Reddit has filed a lawsuit against Anthropic, the AI company behind the Claude chatbot, alleging unauthorized scraping of user content to train its artificial intelligence models. The lawsuit, filed in California Superior Court in San Francisco on Wednesday, June 4, 2025, marks the latest escalation in the ongoing debate over the use of online data for AI training and the rights of content creators.
Reddit claims that Anthropic has been illegally scraping millions of user comments to train Claude, accessing the platform via automated bots even after being asked to cease such activity. The social media platform argues that Anthropic "intentionally trained on the personal data of Reddit users without ever requesting their consent," violating Reddit's terms of service and disregarding user privacy. Reddit's Chief Legal Officer, Ben Lee, stated that "AI companies should not be allowed to scrape information and content from people without clear limitations on how they can use that data."
Anthropic, formed by former OpenAI executives in 2021, has responded, stating that they disagree with Reddit's claims and will defend themselves vigorously.

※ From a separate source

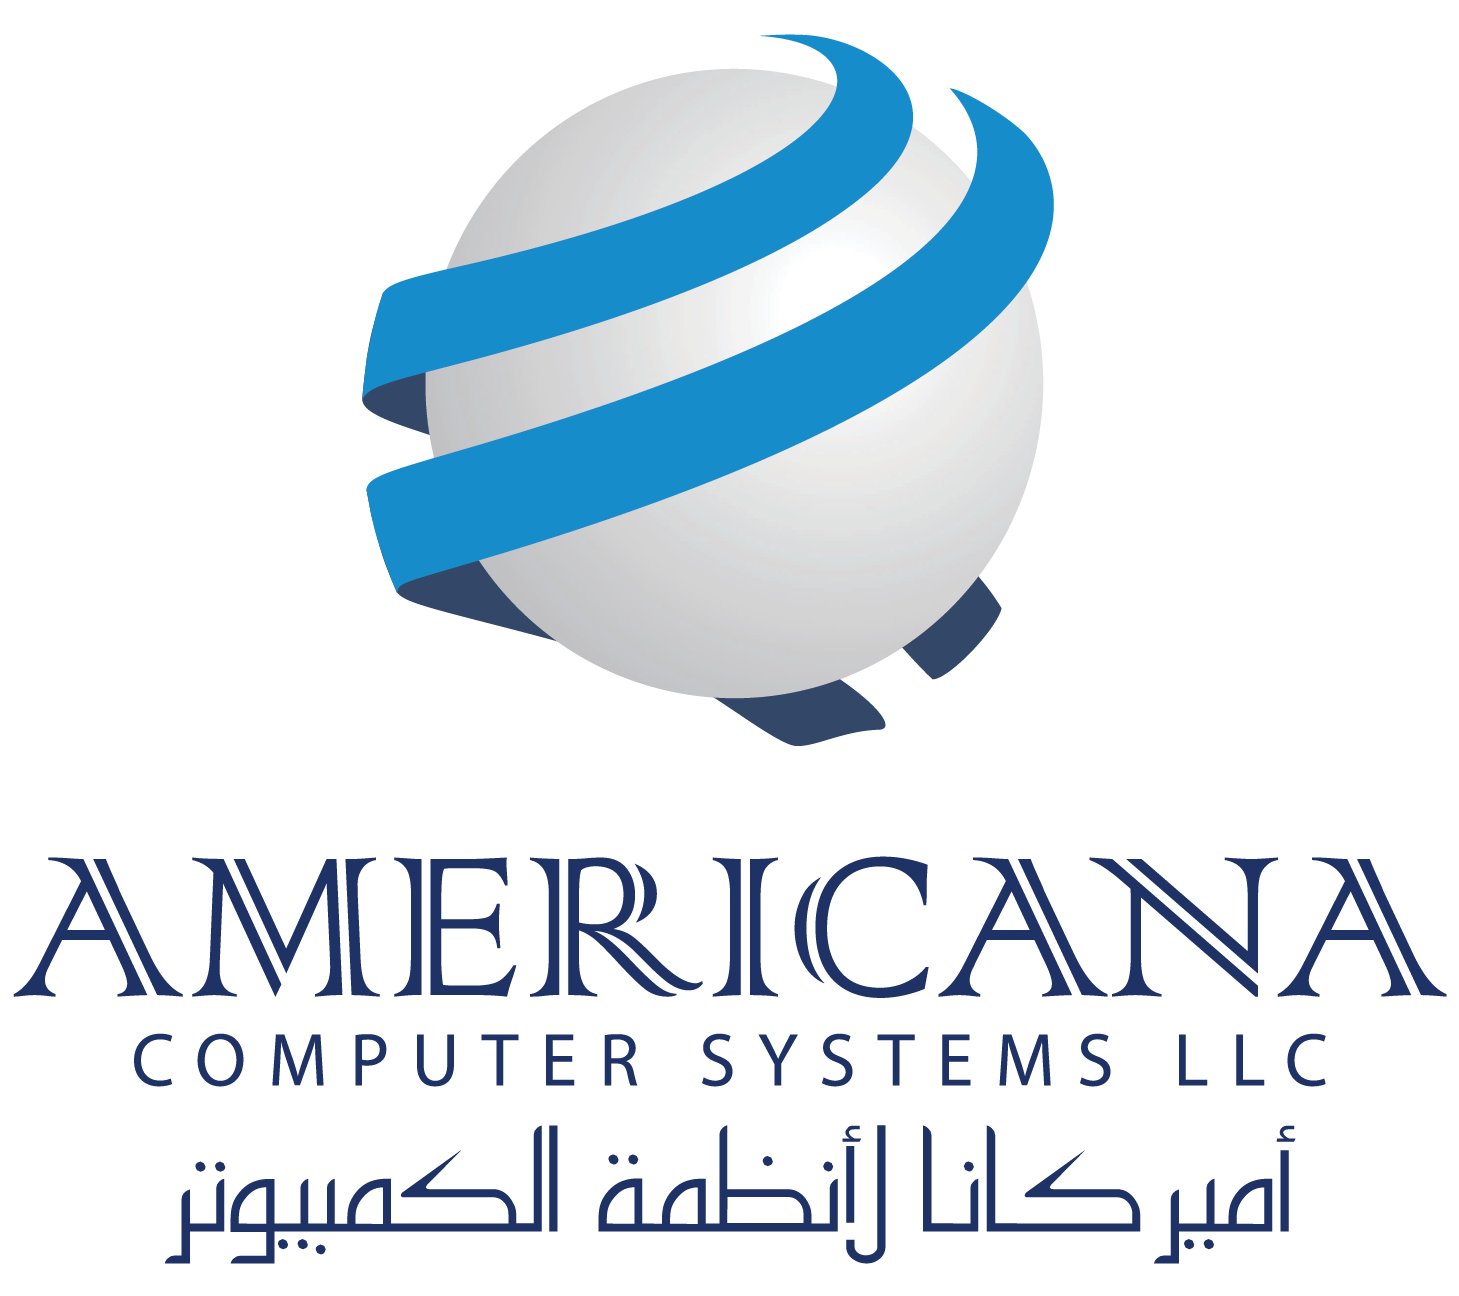 Americana Computer Systems

The company previously argued in a 2023 letter to the U.S. Copyright Office that its training methods constitute a lawful use of materials, involving statistical analysis of a large dataset.
Unlike other lawsuits against AI companies that often focus on copyright infringement, Reddit's case centers on the alleged breach of its terms of service and unfair competition. The platform claims that Anthropic ignored its robots.txt file, a web standard used to restrict bots from crawling certain sites, and violated clauses in Reddit's user agreement prohibiting unauthorized scraping and commercial use. Reddit seeks compensatory damages, restitution of unjust enrichment, and a court injunction to prevent further use of its content in Anthropic's models. Reddit alleges Anthropic scraped Reddit more than 100,000 times since July 2024, continuing even after telling Reddit it had ceased such activity.

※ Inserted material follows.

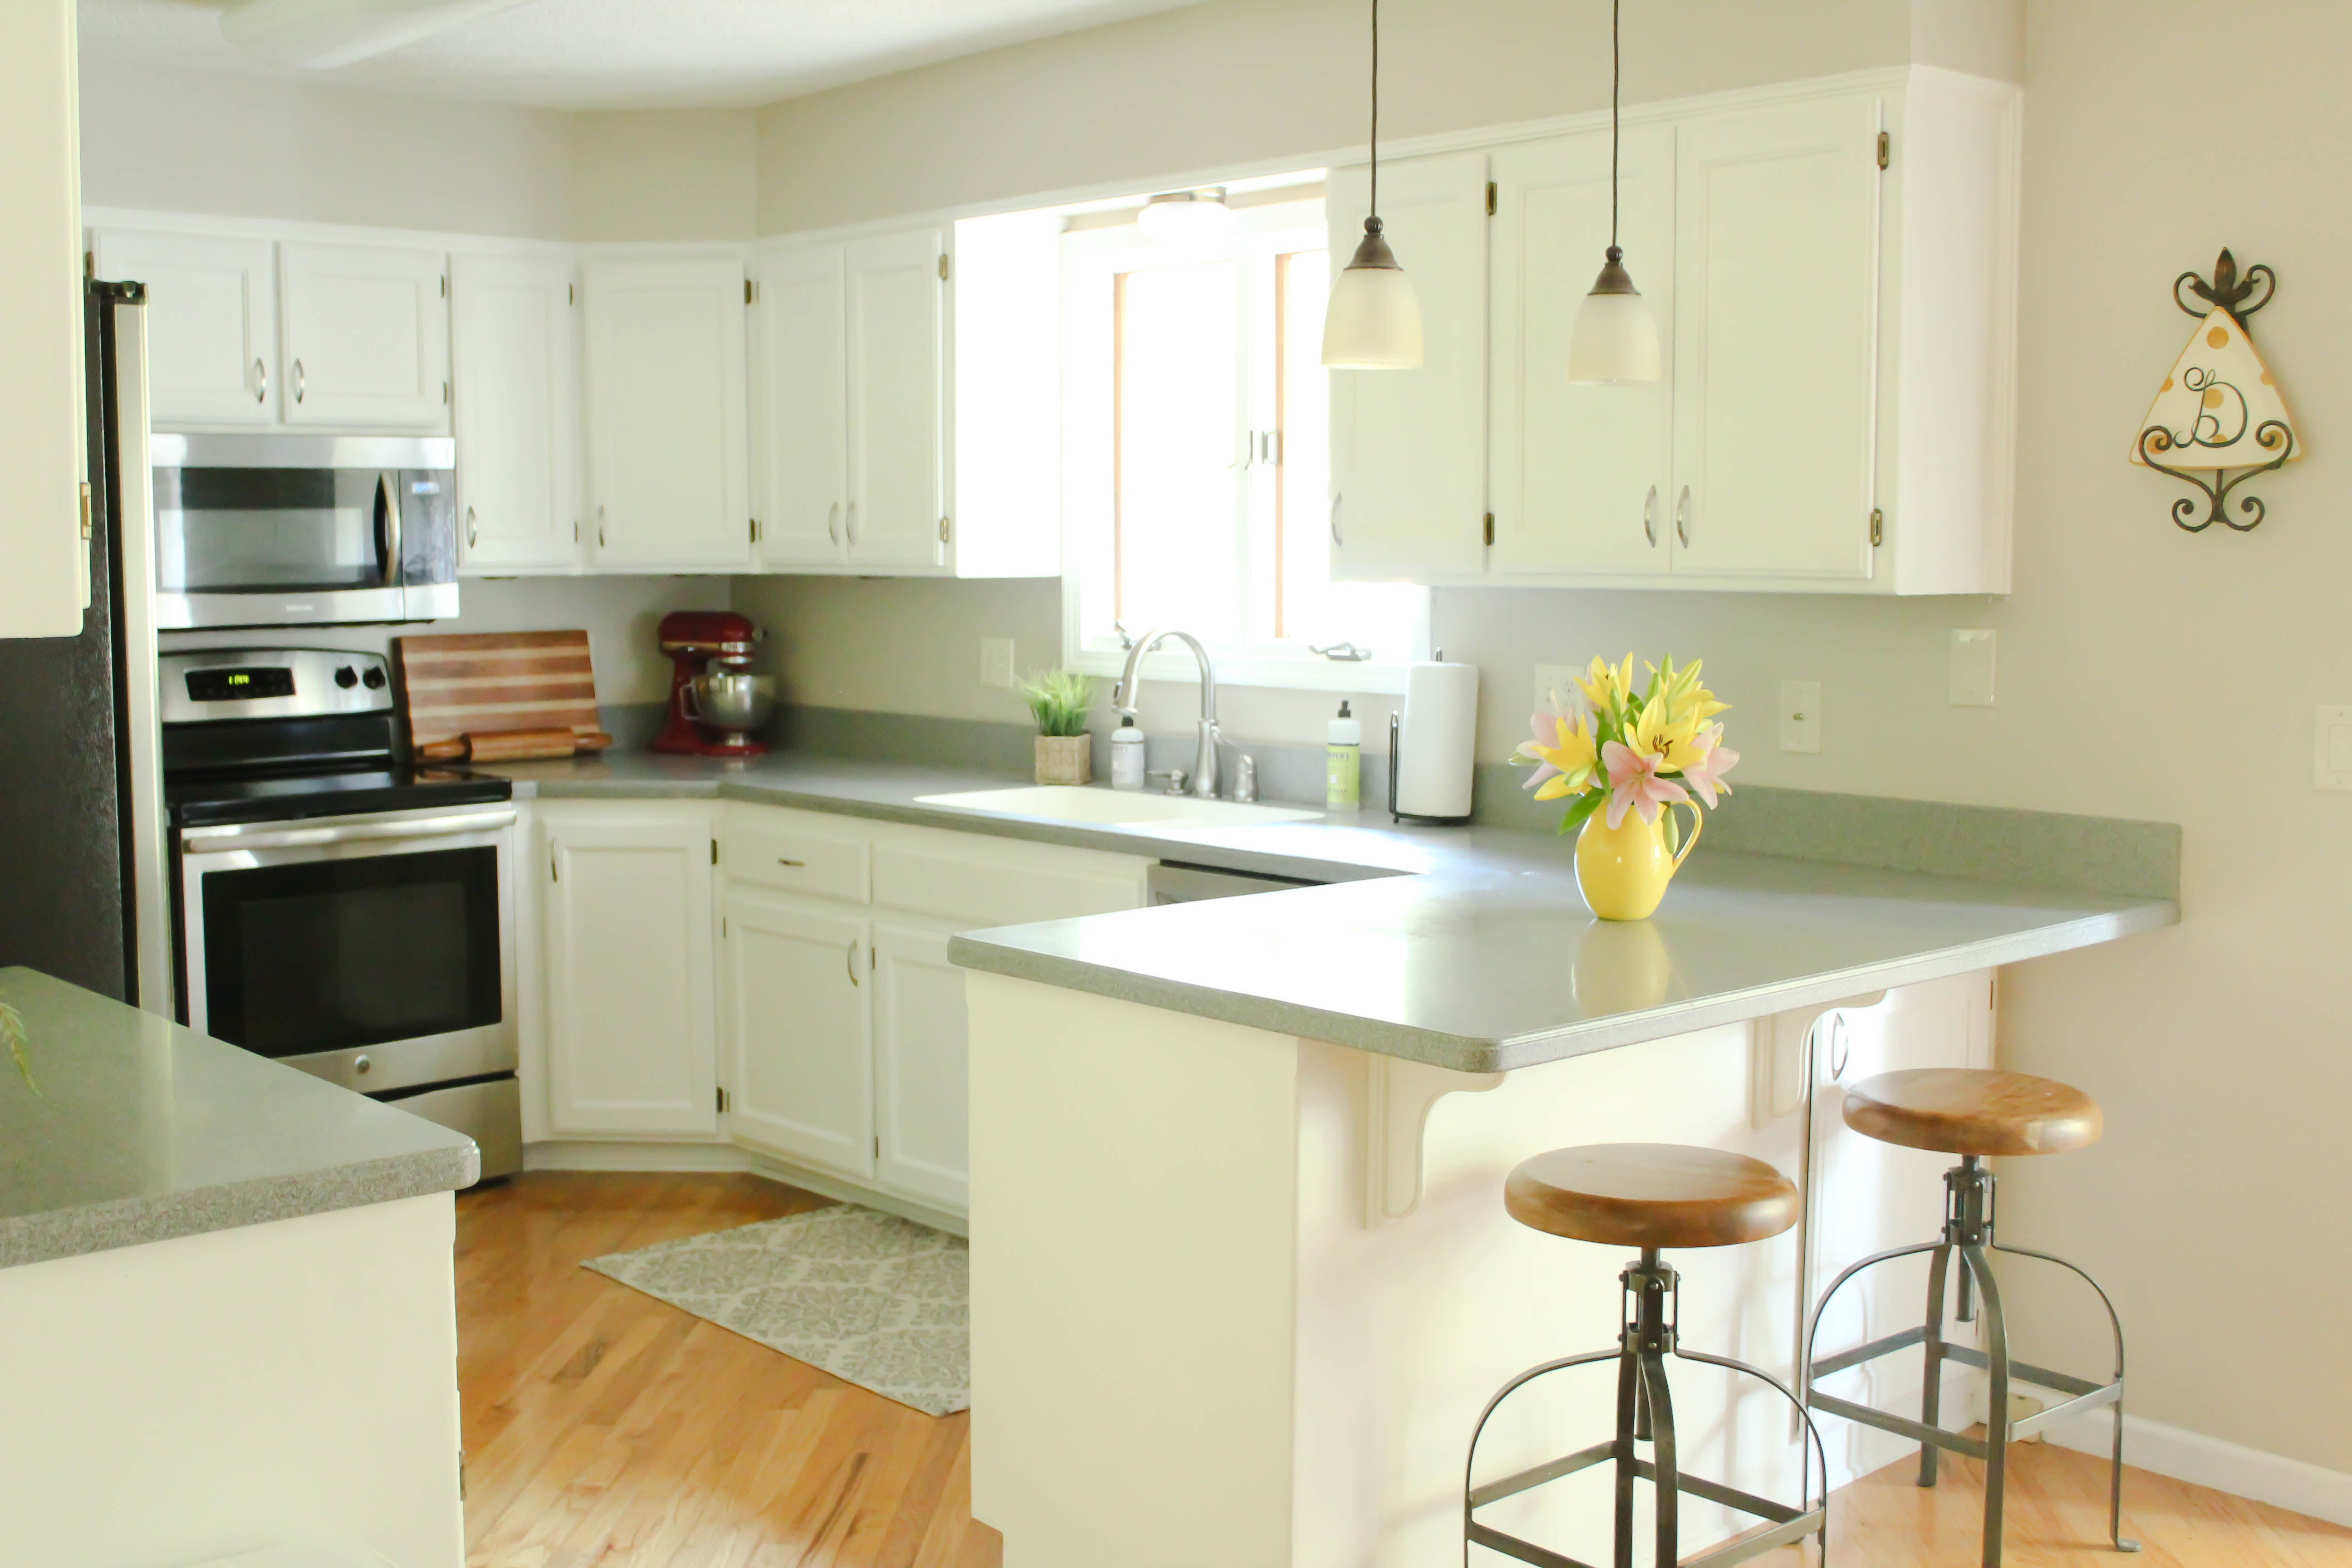 Painted Kitchen Cabinets - Chalk Paint! - Well-Groomed Home

Reddit has entered into licensing agreements with other AI companies, including Google and OpenAI, allowing them to train their AI systems on Reddit's data in exchange for compensation and adherence to specific content usage and deletion protocols. These agreements, according to Reddit, "enable us to enforce meaningful protections for our users, including the right to delete your content, user privacy protections, and preventing users from being spammed using this content." The lawsuit states that Anthropic refused to engage in similar licensing discussions and agree to respect Reddit users' basic privacy rights.

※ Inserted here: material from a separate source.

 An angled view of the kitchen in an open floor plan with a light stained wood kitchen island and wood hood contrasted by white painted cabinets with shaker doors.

The lawsuit references a 2021 research paper co-authored by Anthropic CEO Dario Amodei, which identified subreddits containing high-quality AI training data. Reddit's legal filing emphasizes the value of its vast archive of user-generated discussion, describing the platform as "nearly 20 years of rich, human discussion on virtually every topic imaginable."
This legal battle highlights the growing tension between content providers and AI companies regarding the use of data for training large language models. While AI companies argue that access to vast datasets is crucial for developing sophisticated AI systems, content platforms like Reddit are asserting their rights to control how their data is used and to ensure fair compensation and protection for their users. The outcome of this case could have significant implications for the future of AI development and the relationship between AI companies and content creators.